Cloud Vision API now runs on Google’s custom Tensor Processing Units; prices reduced by 80%.

Cloud Translation API will be available in two editions, Standard and Premium.

Cloud Natural Language API graduates to general availability.

In 2017, GPU-accelerated instances will be available for the Google Compute Engine and Google Cloud Machine Learning. Details here.

IBM Cloud

In 2016, IBM contributed heavily to the growing volume of fake news.

At the Spark Summit in June, IBM announced a service called the IBM Data Science Experience to great fanfare. Experienced observers found the announcement puzzling; the press release described a managed service for Apache Spark with a Jupyter IDE, but IBM already had a managed service for Apache Spark with a Jupyter IDE.

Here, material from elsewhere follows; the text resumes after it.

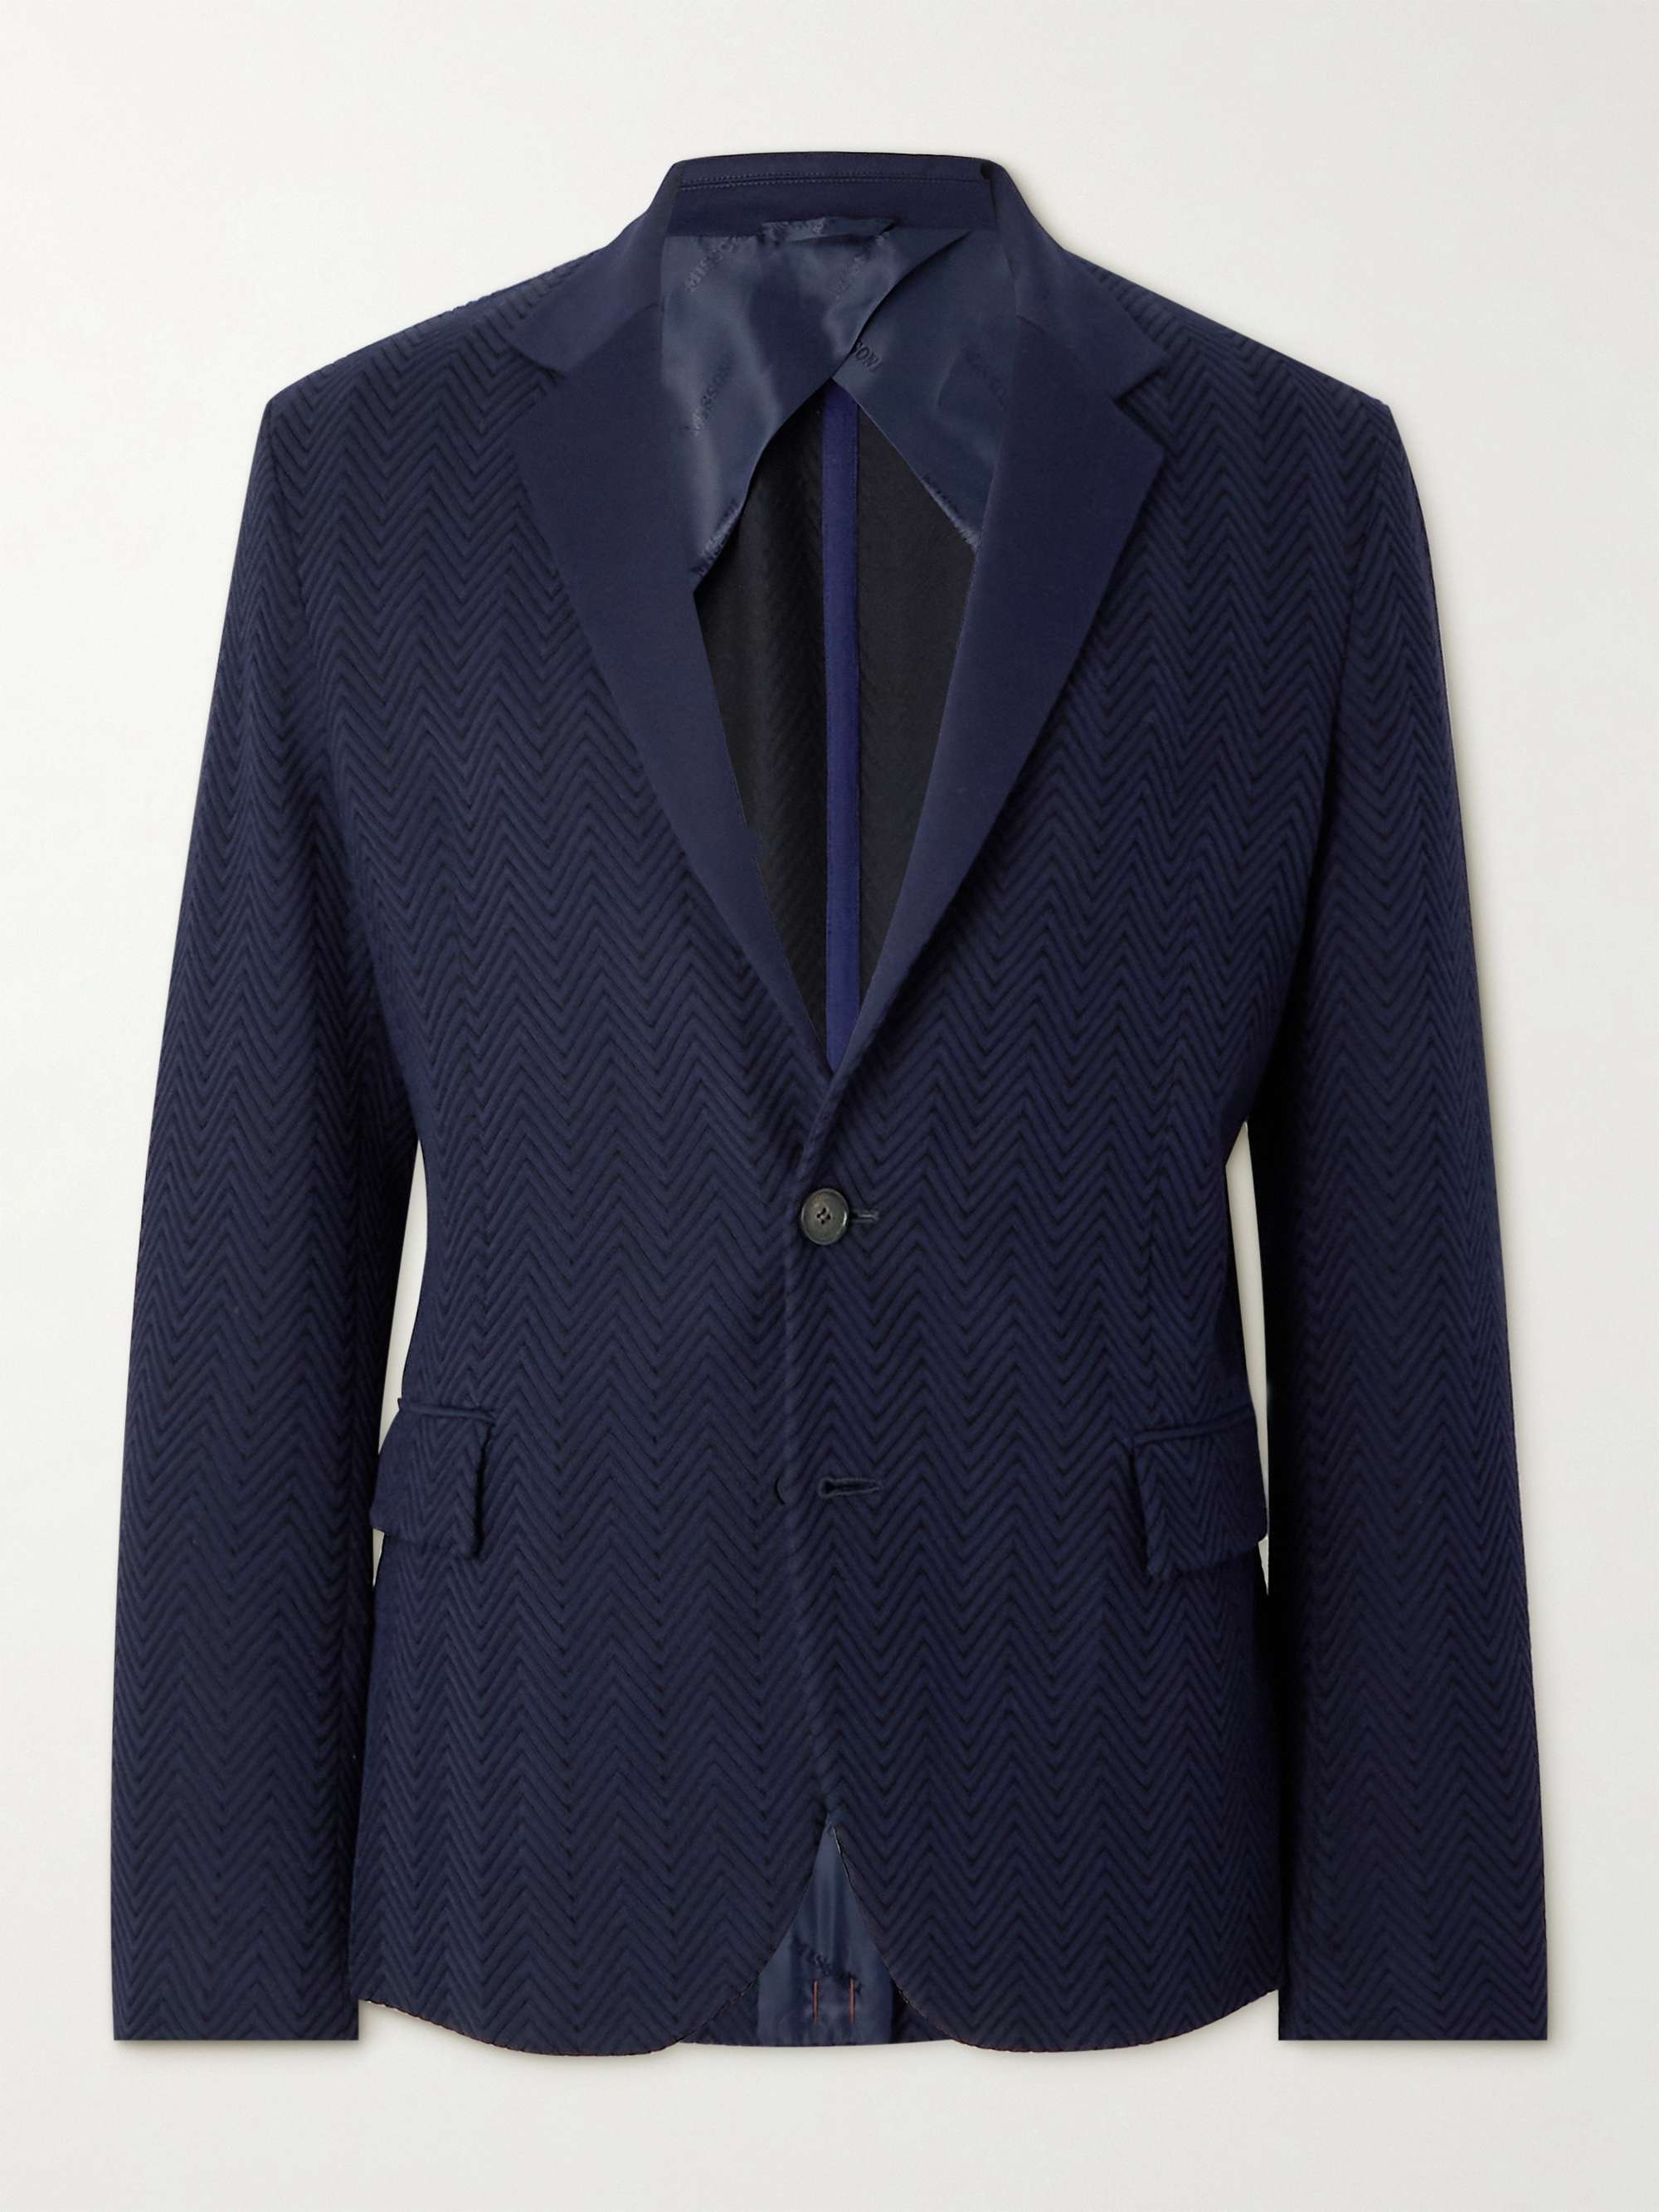 for | MR Zigzag Cotton-Blend Jacket PORTER Suit MISSONI Men Jacquard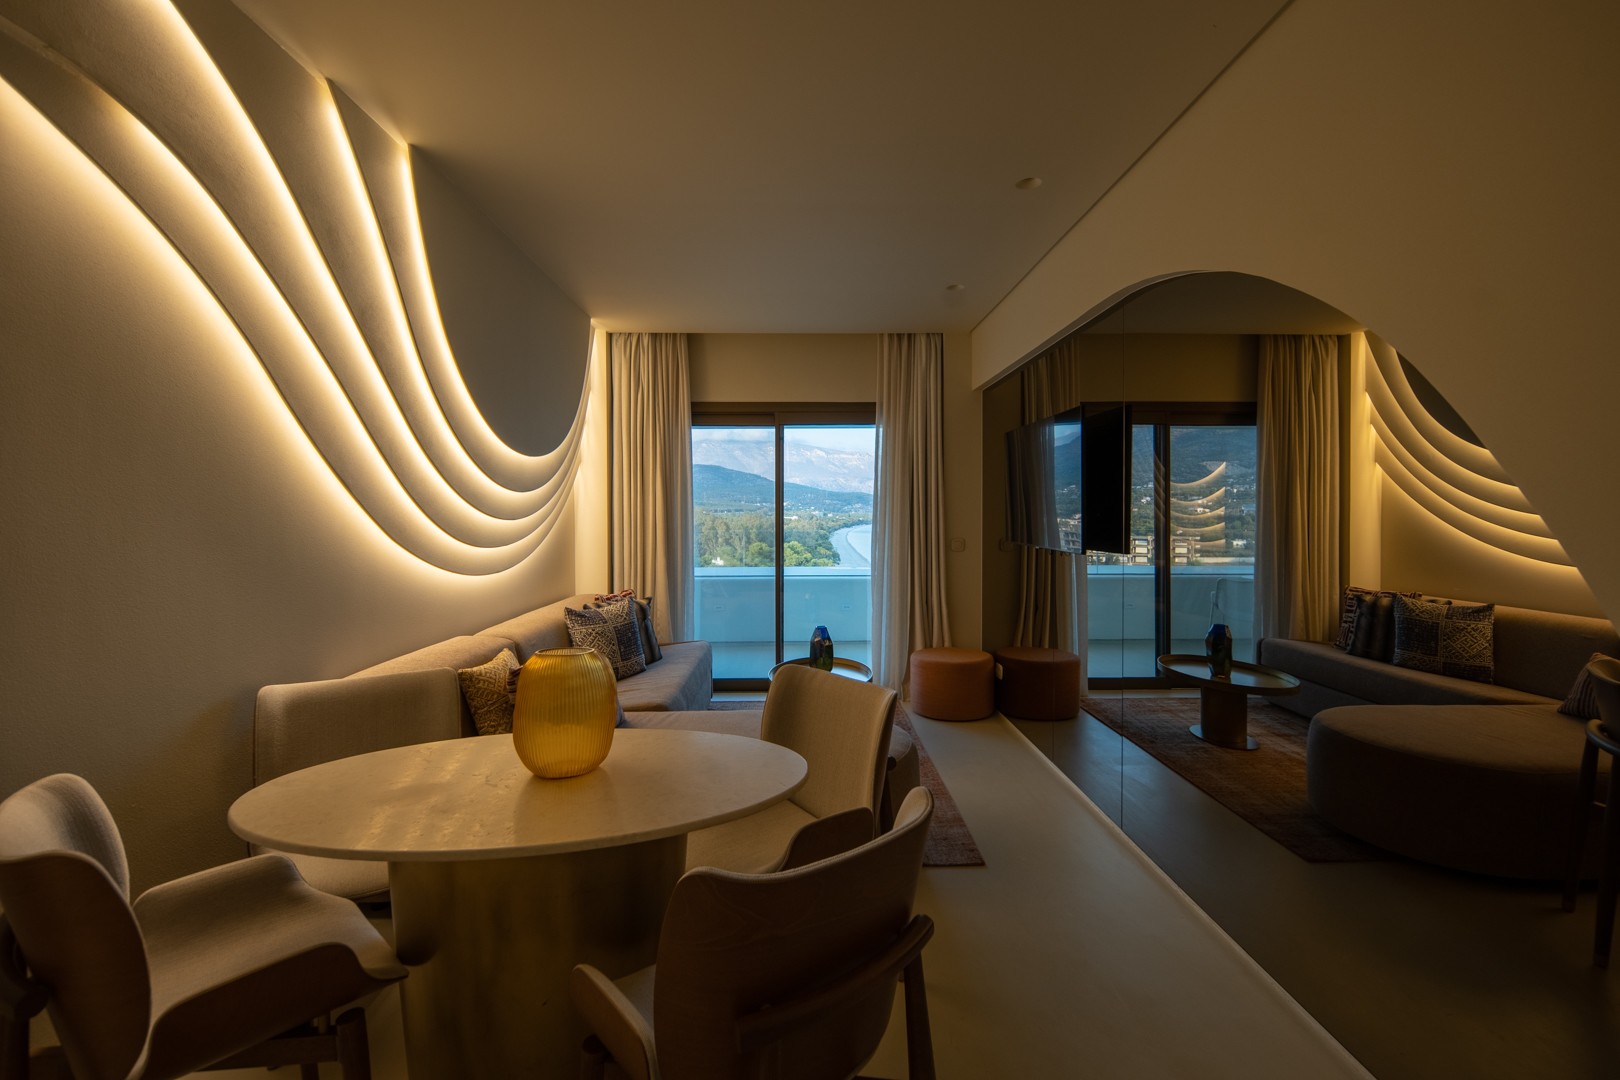 Η ιστορία πίσω από το νέο ελληνικό ξενοδοχείο που πήρε διεθνές χρυσό βραβείο αρχιτεκτονικής

In November, IBM quietly released the service without a press release, which is understandable since there was nothing to crow about. Sure enough, it’s a Spark service with a Jupyter IDE, but also includes an R service with RStudio, some astroturf “community” documents and “curated” data sources that are available for free from a hundred different places. Big Whoop.

In IBM’s other big machine learning move, the company rebranded an existing SPSS service as Watson Machine Learning. Analysts fell all over themselves raving about the new service, apparently without actually logging in and inspecting it.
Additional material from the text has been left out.